В зимних боях часть понесла большие потери. Танк в горах – очень неудобная штука. С вершины любой скалы из-за каждого камня может ударить гранатометчик, перебить гусеницу, а дальше машину будут расстреливать методично минометами, а снайпера противника не дадут возможности экипажу выбраться наружу. Снайпера… Да, их ведь не выбьешь орудийным огнём. Пойди, разбери, где притаился скользкий как уж гад с оптическим прицелом на своём дальнобойном карабине. Может быть, он уже сидит у тебя в тылу и спокойно целит в твой затылок. А ты уже вышел из боя, ты уже перекурил кислую сигаретину, ты уже глотнул водки из алюминиевой фляги и теперь достал смятый в четвертушку конвертик заветного письмеца из дома, а в конвертике фотка: дочка Светланка – маленький пушистый комочек с кошкой Маруськой на коленях, тянет к тебе ручки: «Папка, приезжай скорей!»
А тут – на тебе. Гадёныш в натовском камуфляже с головой завязанной чёрной косынкой. Вместо глаз у него волчий клык, на сердце Коран, в кармане доллары. Спокойно целит он в твой бритый по уставу затылок. И пуля, пробив твою удалую головушку, пробъёт и фотку твоей дочурки, самое сердце её пробъёт. И кровь её жертвенная смешается с твоей кровью и не будет уже никого: ни тебя, ни Светки, ни кошки Маруськи. Как тут жить…

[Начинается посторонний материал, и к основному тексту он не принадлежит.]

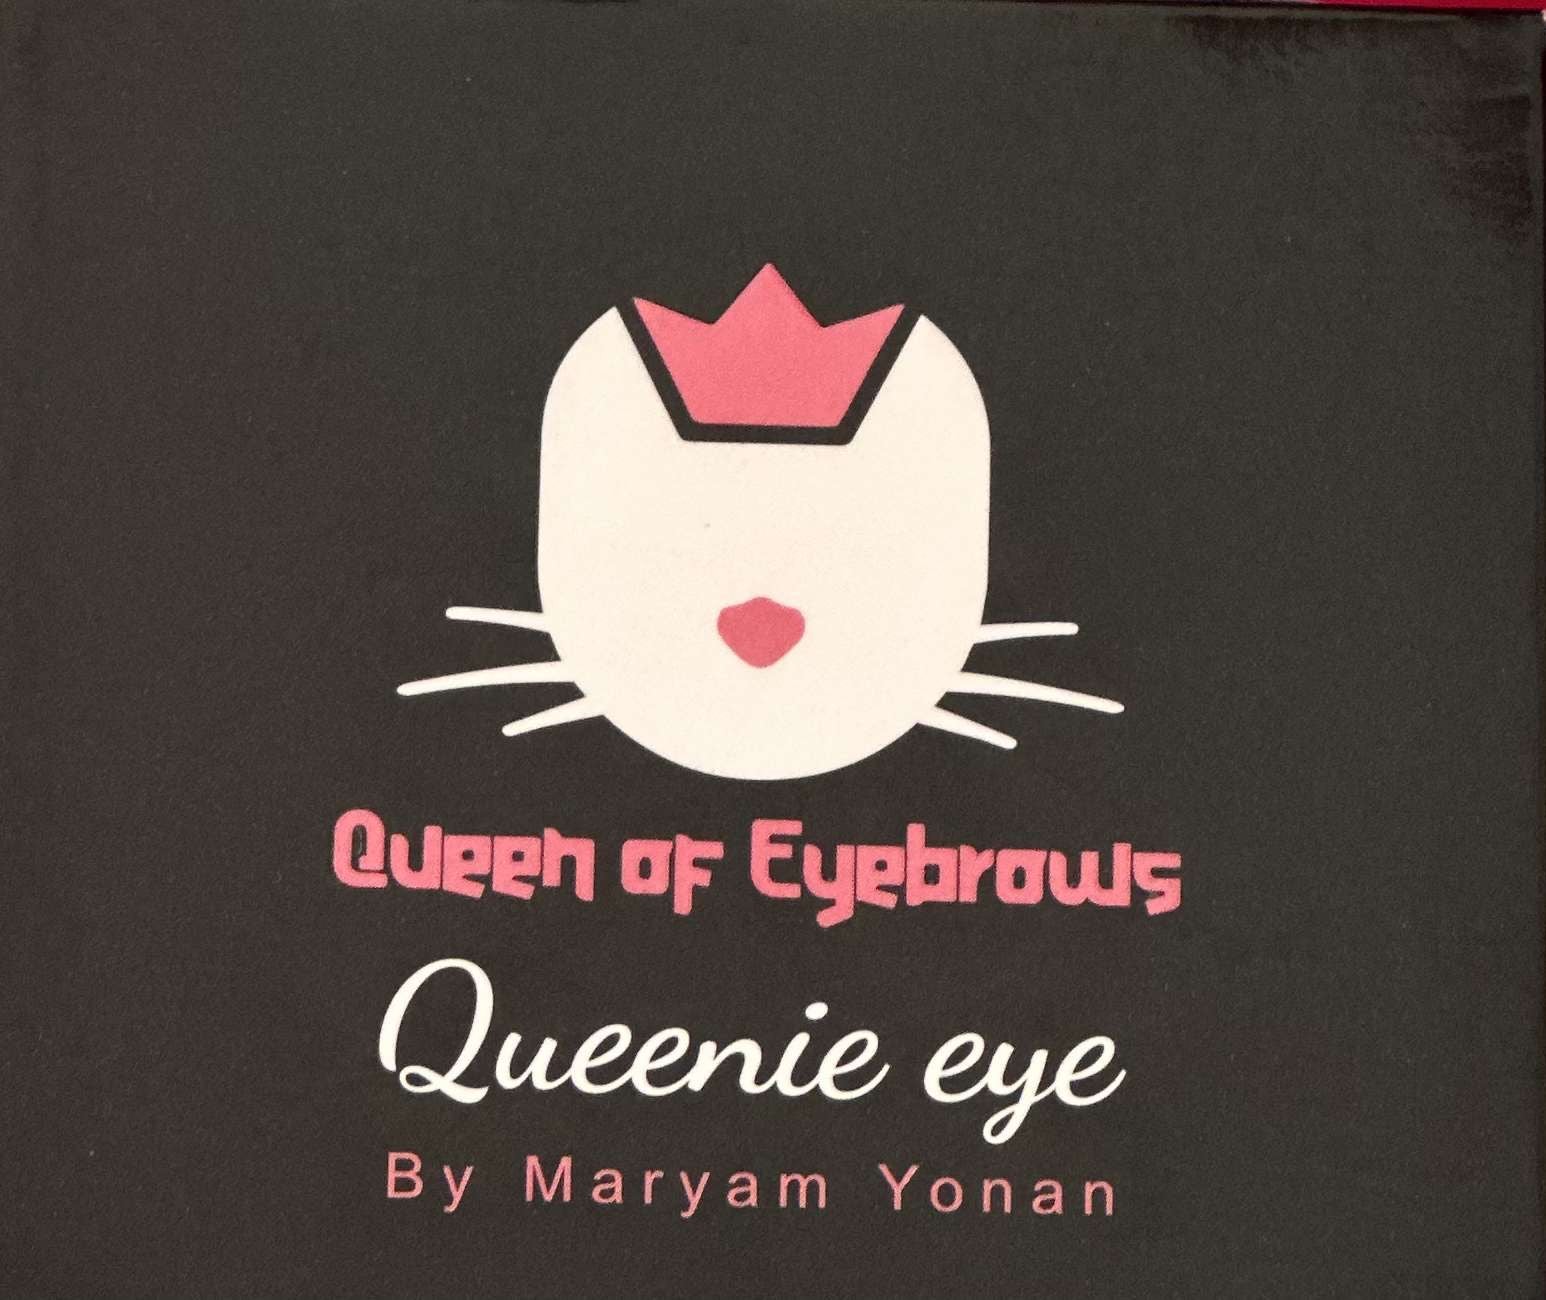 Queen of Eyebrows Eye Contacts

А у чеченца за спиной – сожжённый Грозный, разбомбленный дом. Семья, заваленная в бомбоубежище. А у чеченца – сестра здесь неподалёку в предгорном ауле, куда сейчас рвётся твоя танковая колонна. И не может он не стрелять, поскольку в горах, выше его сидит в оборудованной всем необходимым, вплоть до космической связи, пещере его генерал под зелёным знаменем пророка с волчьей пастью на нём, и генерал этот ценит его жизнь ещё меньше, чем твою. Потому что твоя жизнь тянет на доллары, а его жизнь загублена навсегда.
Штаб полка Булахова расположился в здании бывшей школы, из которой перед этим три дня выбивали боевиков. Бывшие классы и коридоры школы были засыпаны битым стеклом, стрелянными гильзами, обрывками кровавых бинтов и использованными шприцами. Трупы боевиков, сидевших здесь до последнего и отчаянно отстреливавшихся даже когда по ним заработали полковые минометы, сбросили из окон во двор, потом их связали гроздьями за ноги, подцепили танком и поволокли этот страшный урожай к ближайшей выгребной яме, которую ещё углубили, взорвав там два фугасных снаряда.

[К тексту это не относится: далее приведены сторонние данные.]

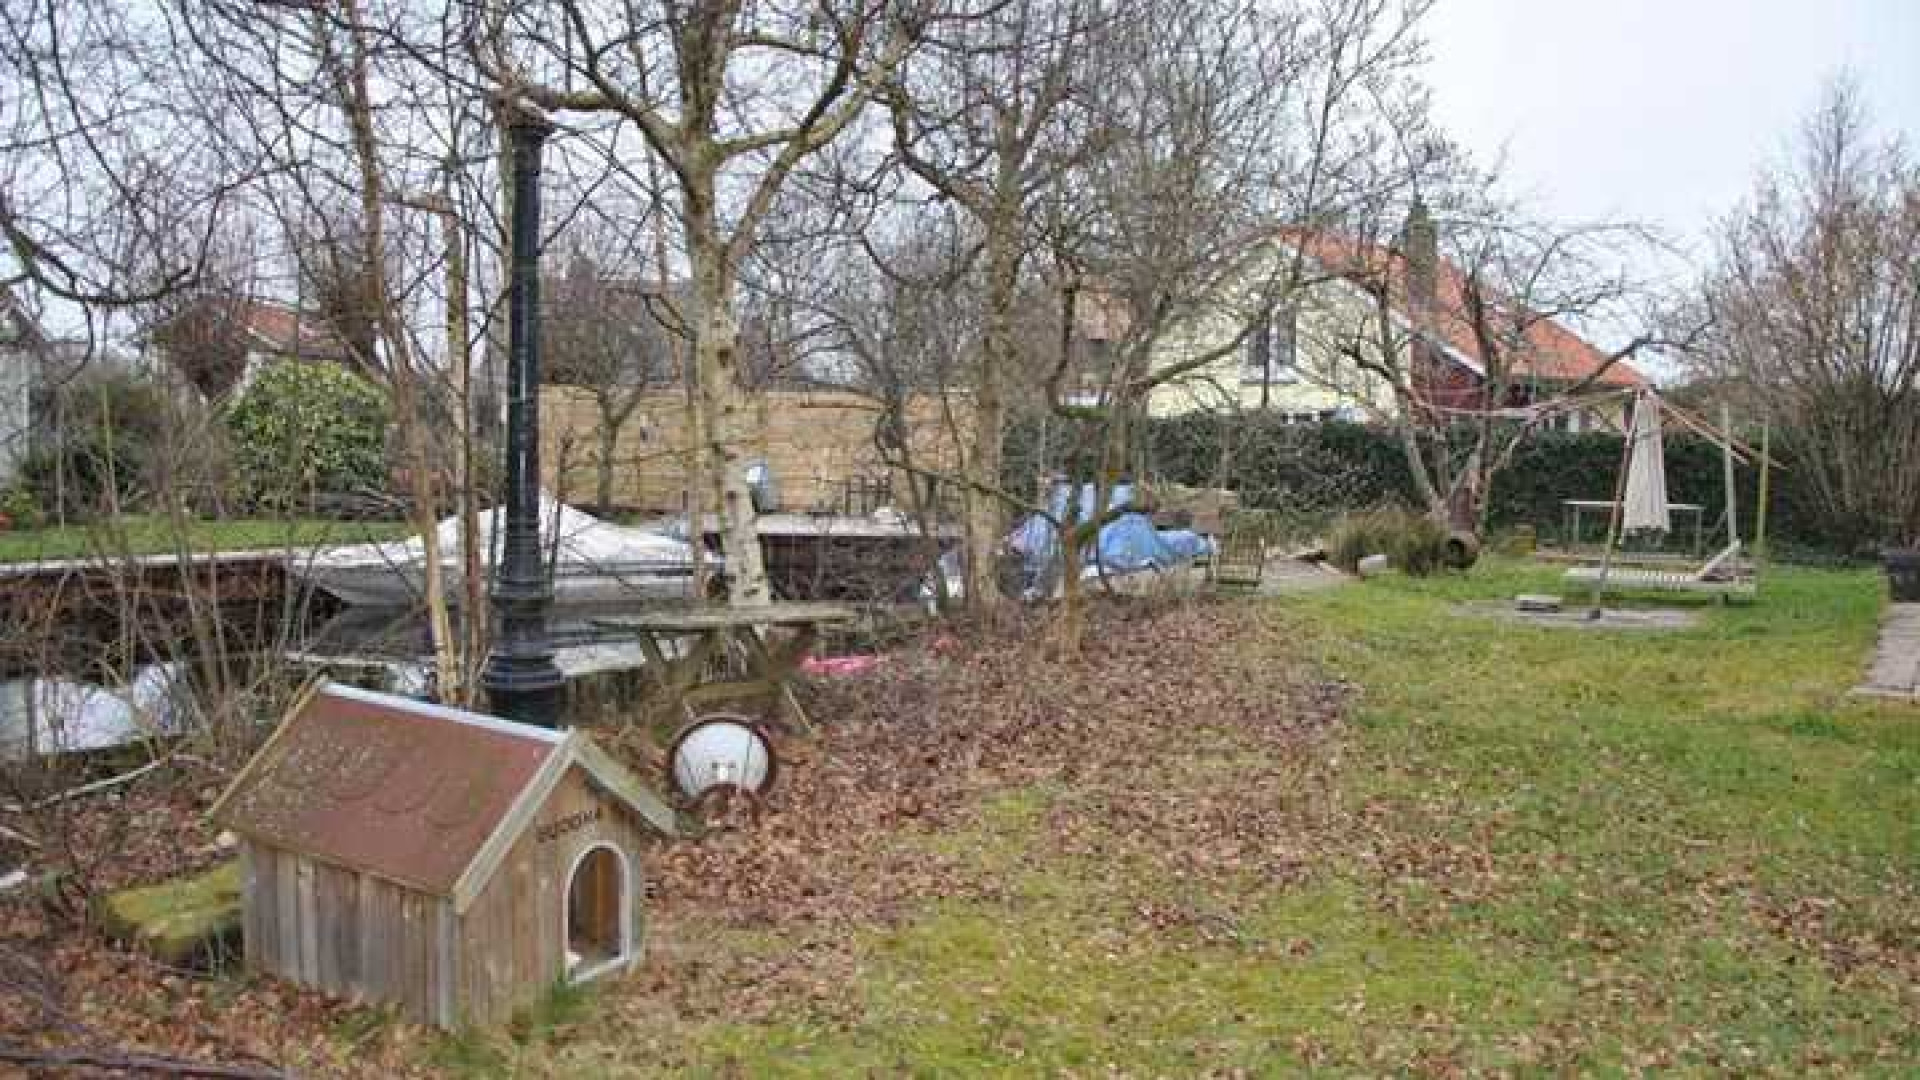 Huis Kimberley Klaver in Vinkeveen te koop. Zie foto's

Посёлок, который занял полк, был последним в предгорной части Чечни, а дальше уже стеной вставал  Большой Кавказский хребет и горное ущелье, по дну которого бежала неширокая, но бурная желтоводная речка, было совершенно непроходимым не только что для танков или какой другой боевой техники, но, пожалуй, что даже и для пехоты. Разве что братцы-десантники могли продраться сквозь эти скалы, заросшие ещё диким терновником, по этим адским осыпям, где один неверный шаг – и ты летишь в пропасть, катишься как сухое полено, раздирая одежду, ломая кости и поминая нопоследок родную матушку, да свою бесталанную головушку. А там дальше, выше – в безвестных пещерах, в таинственных схронах сидел, по слухам, окопавшись, как волк в логове сам чудовищный Хотаб и дожидался, когда сойдут горные снега, откроются тайные тропы и он снова сможет послать своих аскеров вниз, в долину – резать, бить, стрелять, душить неверных гяуров во славу Аллаха милостивого и милосердного.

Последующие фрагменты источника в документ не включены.